* _DATA_:

-------

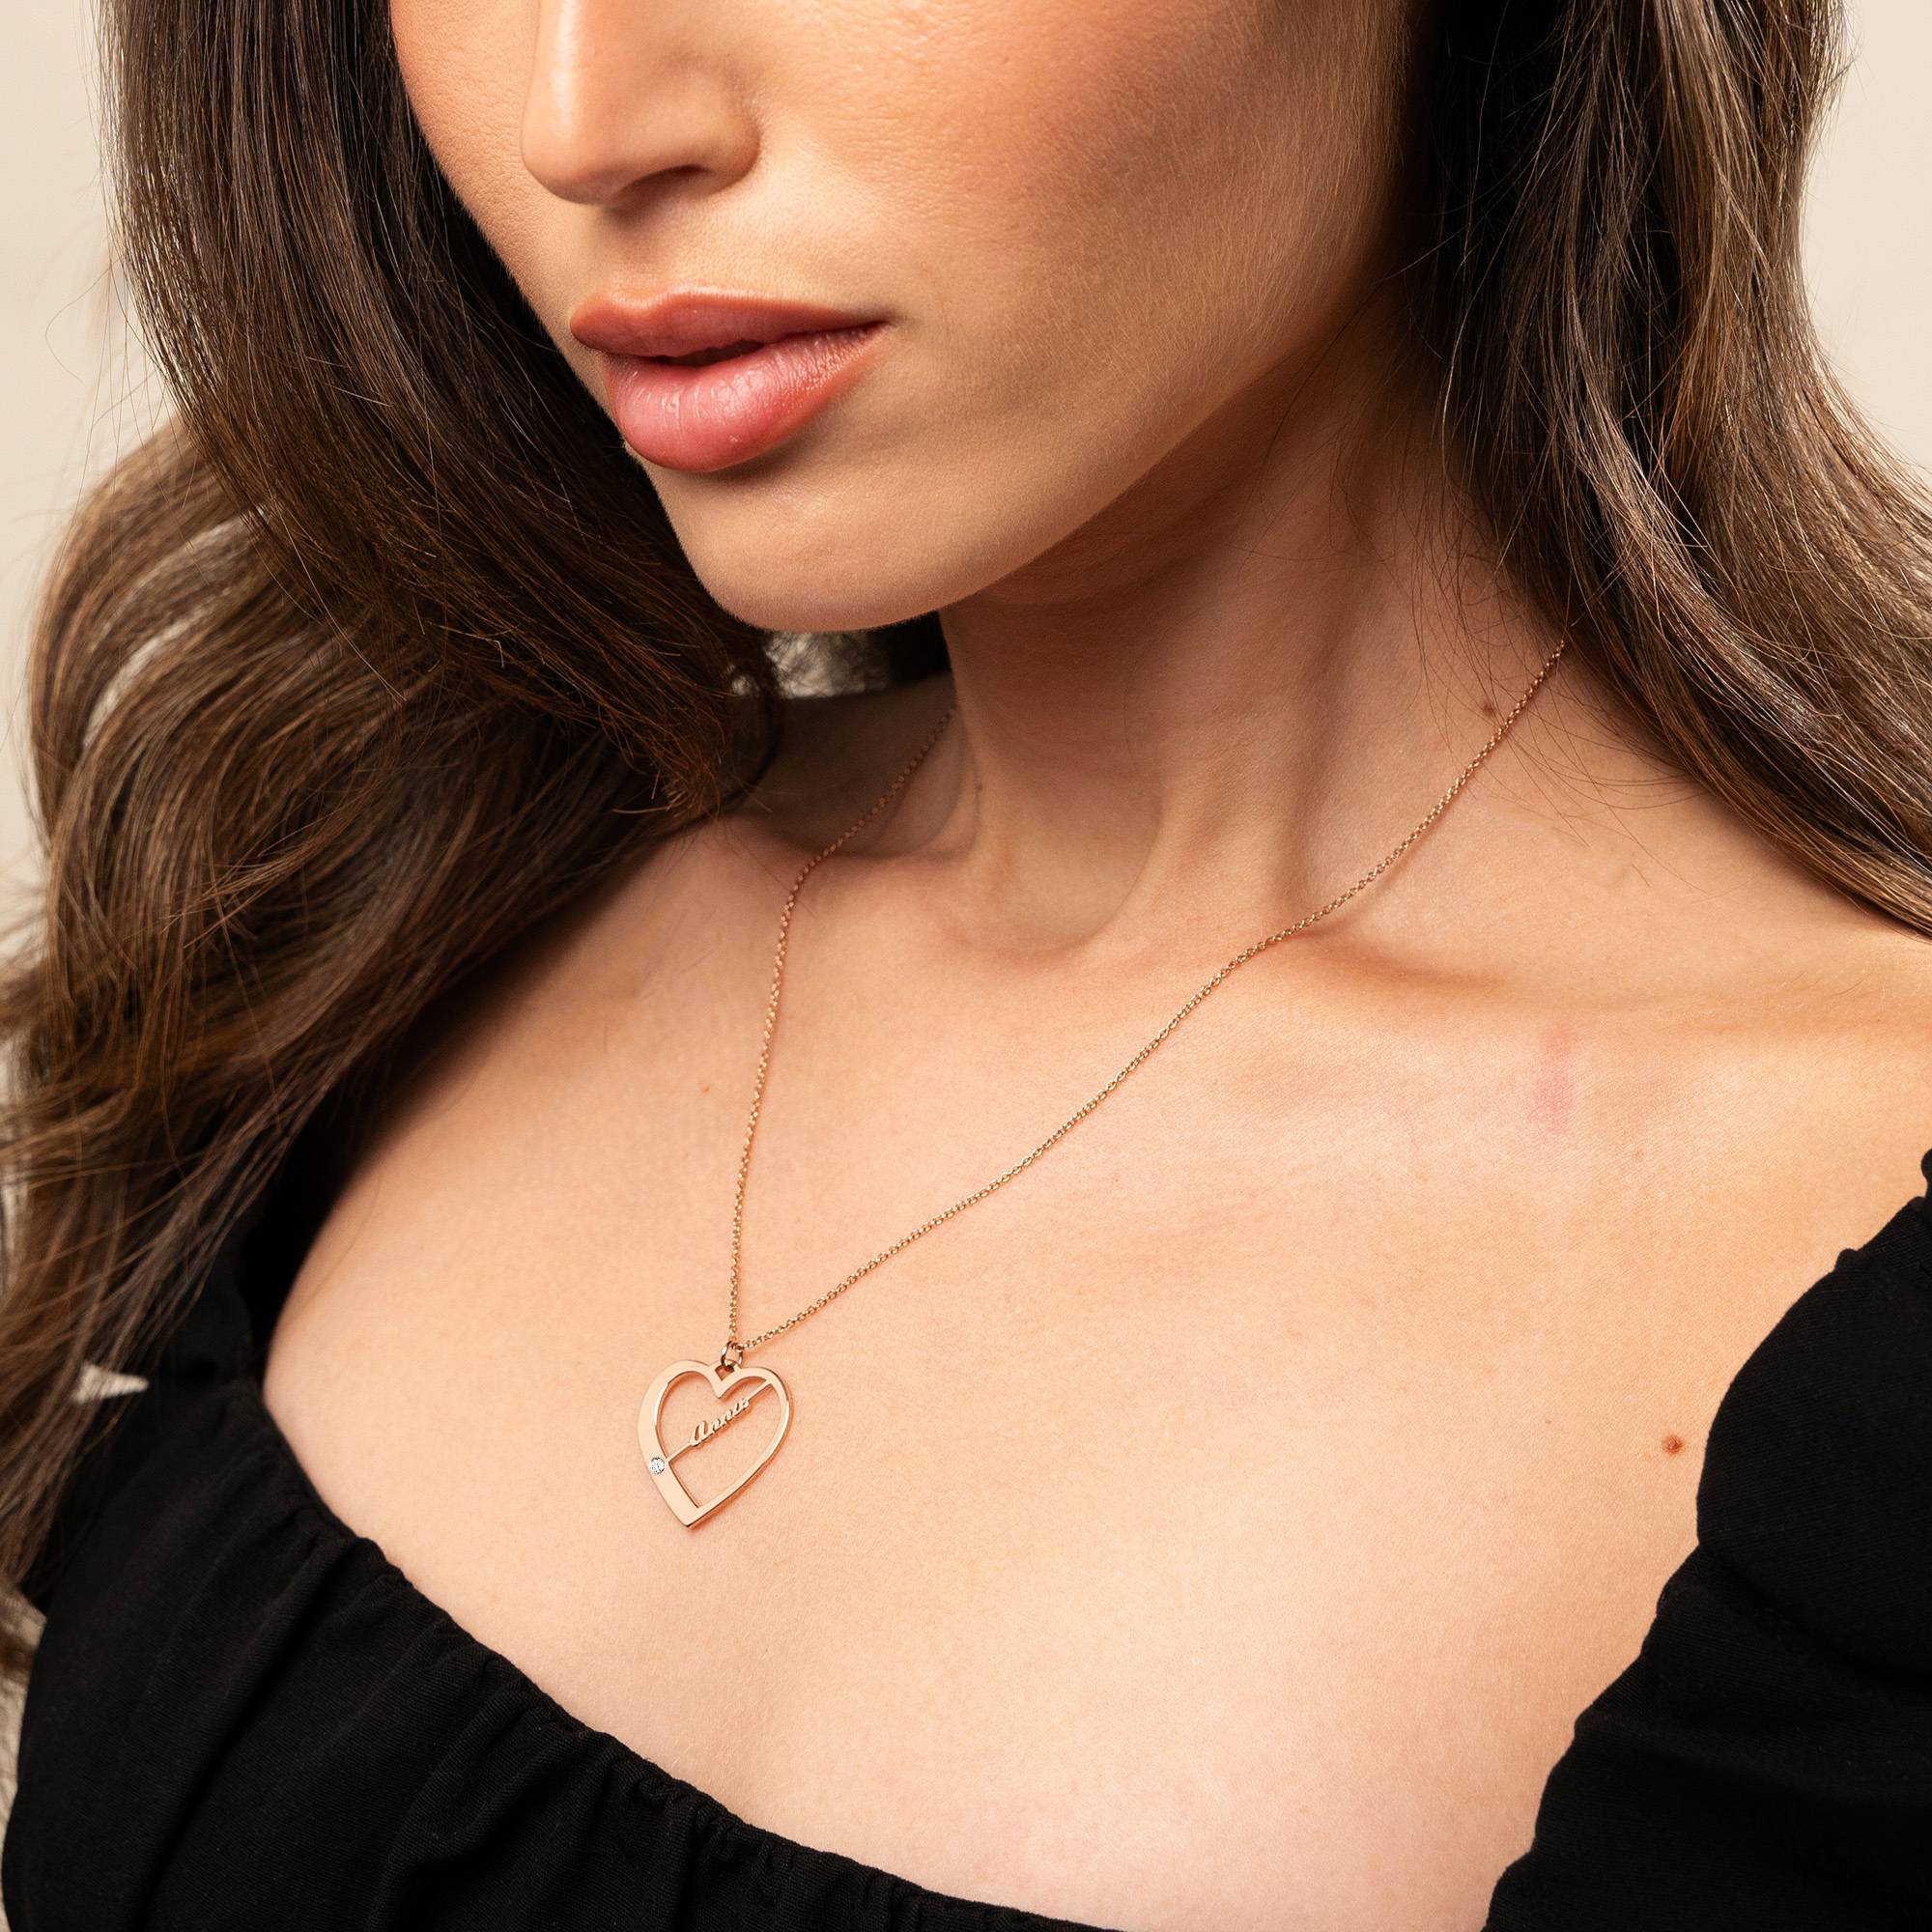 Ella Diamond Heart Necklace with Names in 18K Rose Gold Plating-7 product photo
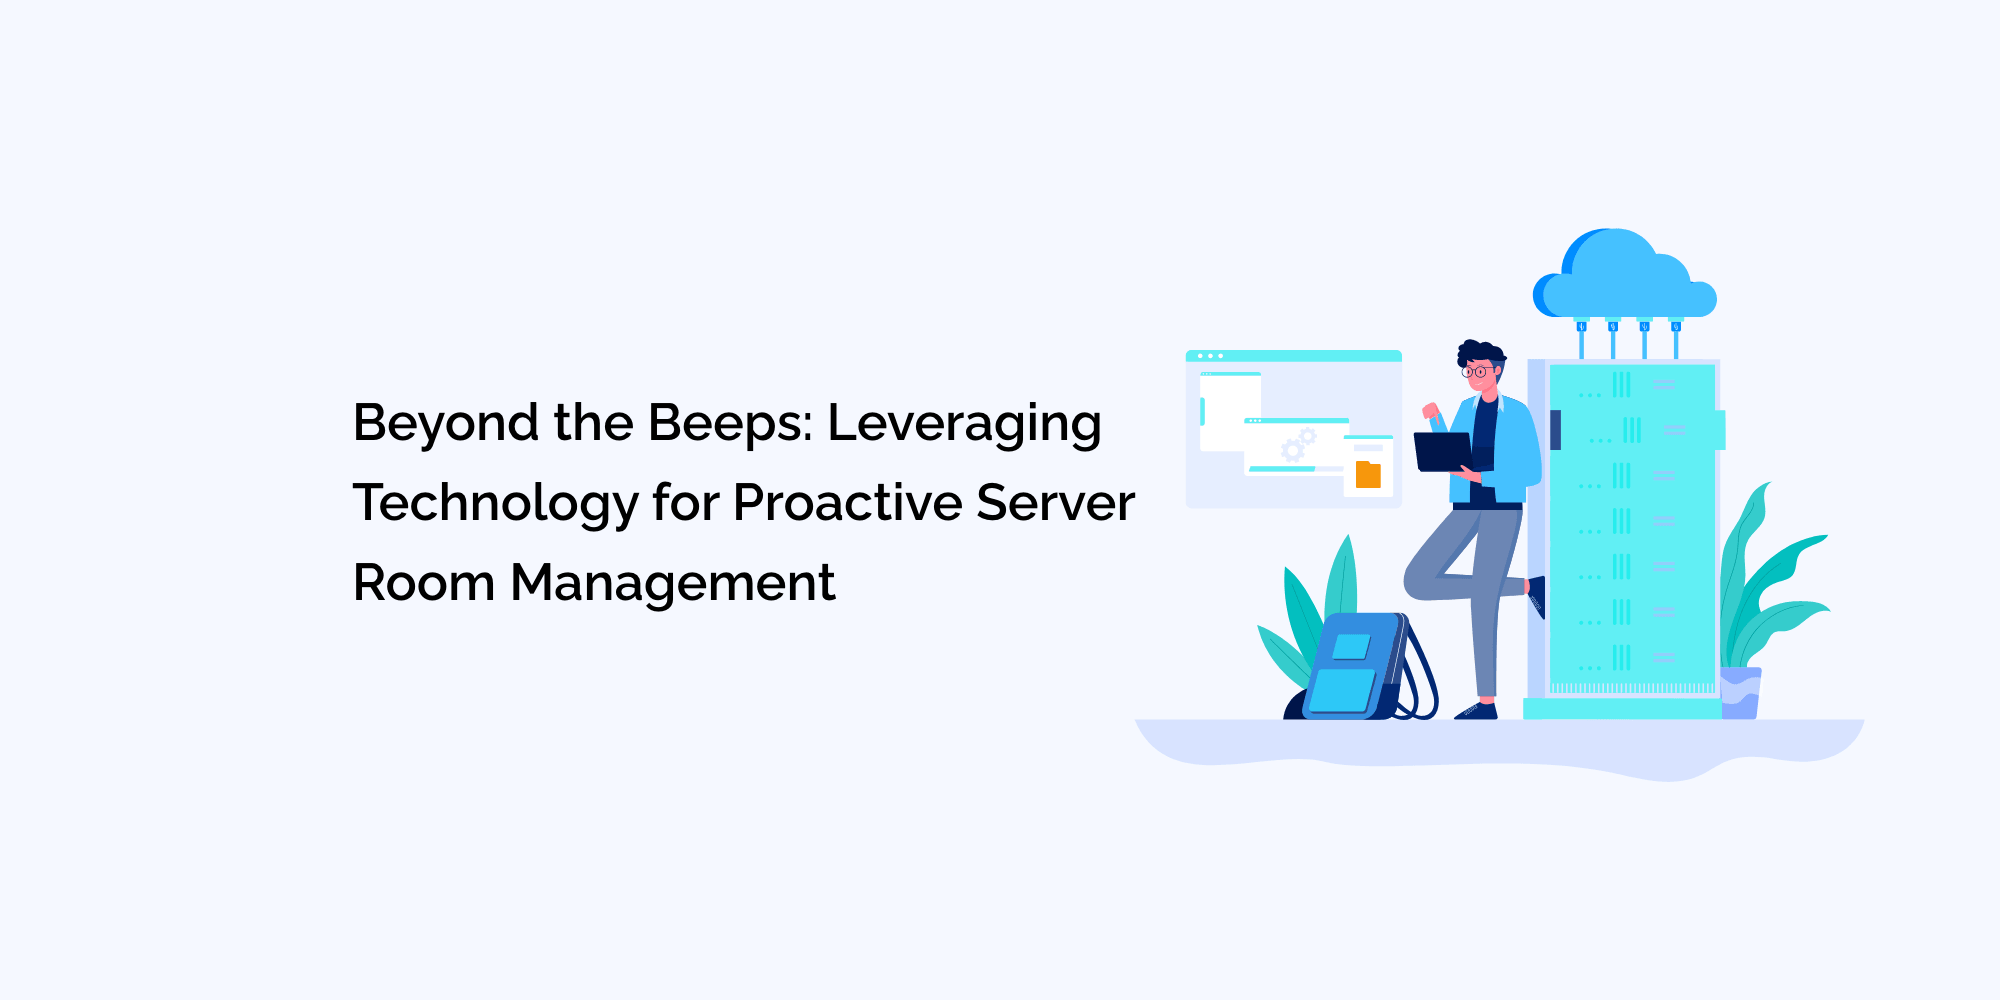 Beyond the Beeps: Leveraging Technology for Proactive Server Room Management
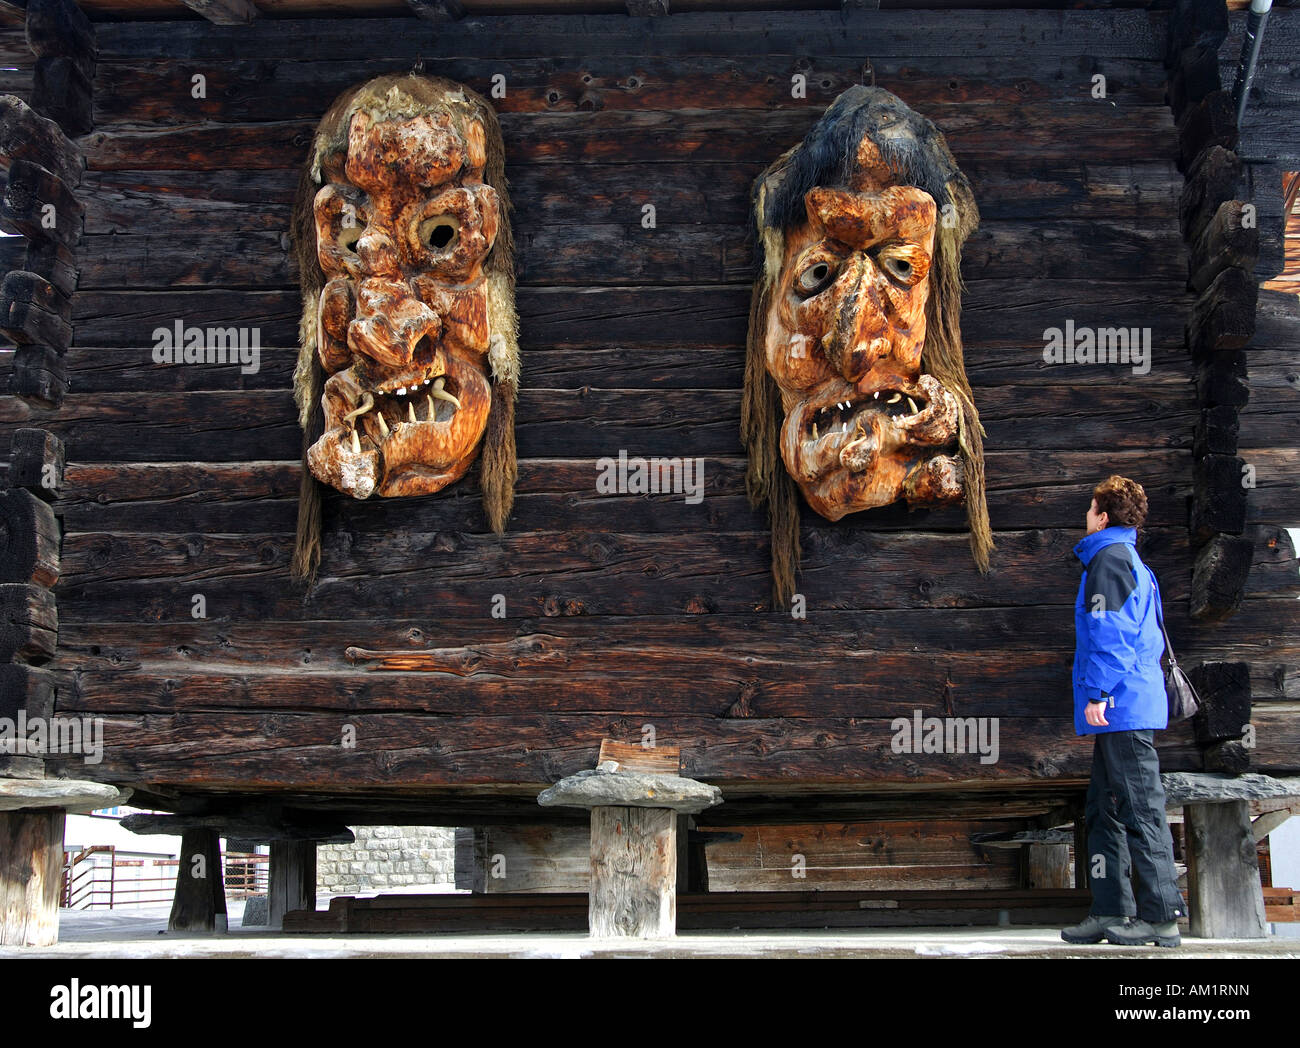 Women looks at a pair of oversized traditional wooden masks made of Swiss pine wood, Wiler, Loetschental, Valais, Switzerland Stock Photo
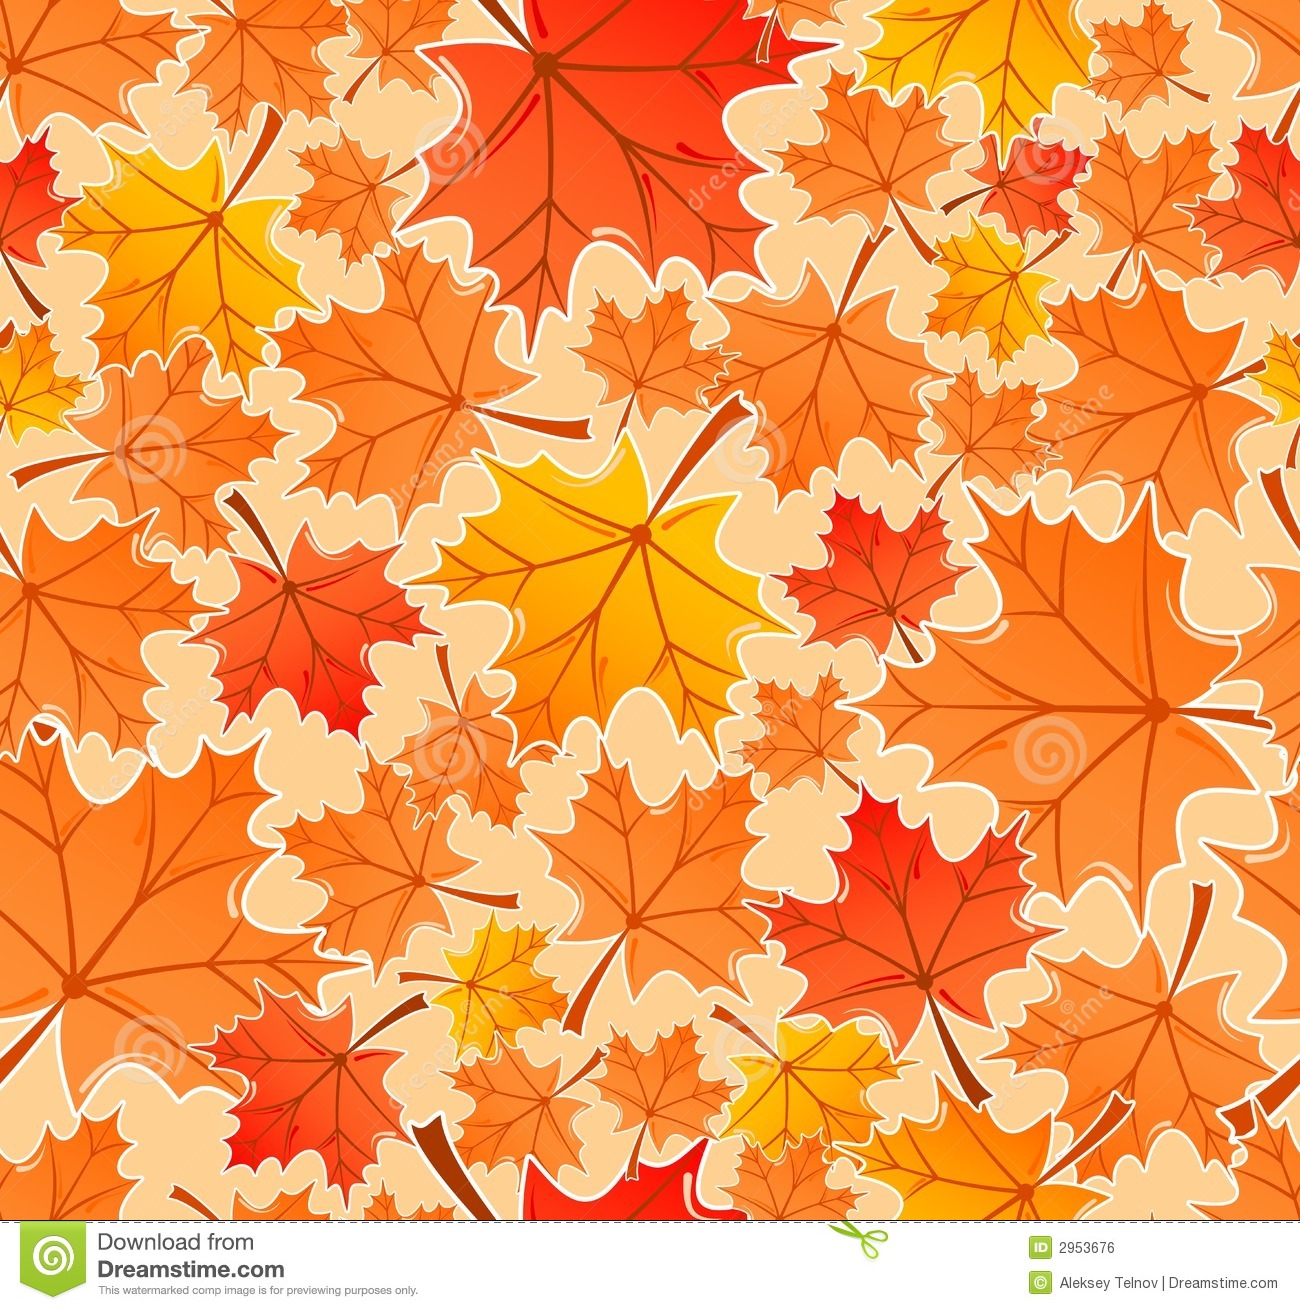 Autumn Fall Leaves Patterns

-------

* _WHAT IS EXPECTED_: Quote exactly the lines from the line that contains "Women looks at" through the last line of the listing, please, leaving out all pictures.

* _WRITTEN RESPONSE_:
 Women looks at a pair of oversized traditional wooden masks made of Swiss pine wood, Wiler, Loetschental, Valais, Switzerland Stock Photo
 Autumn Fall Leaves Patterns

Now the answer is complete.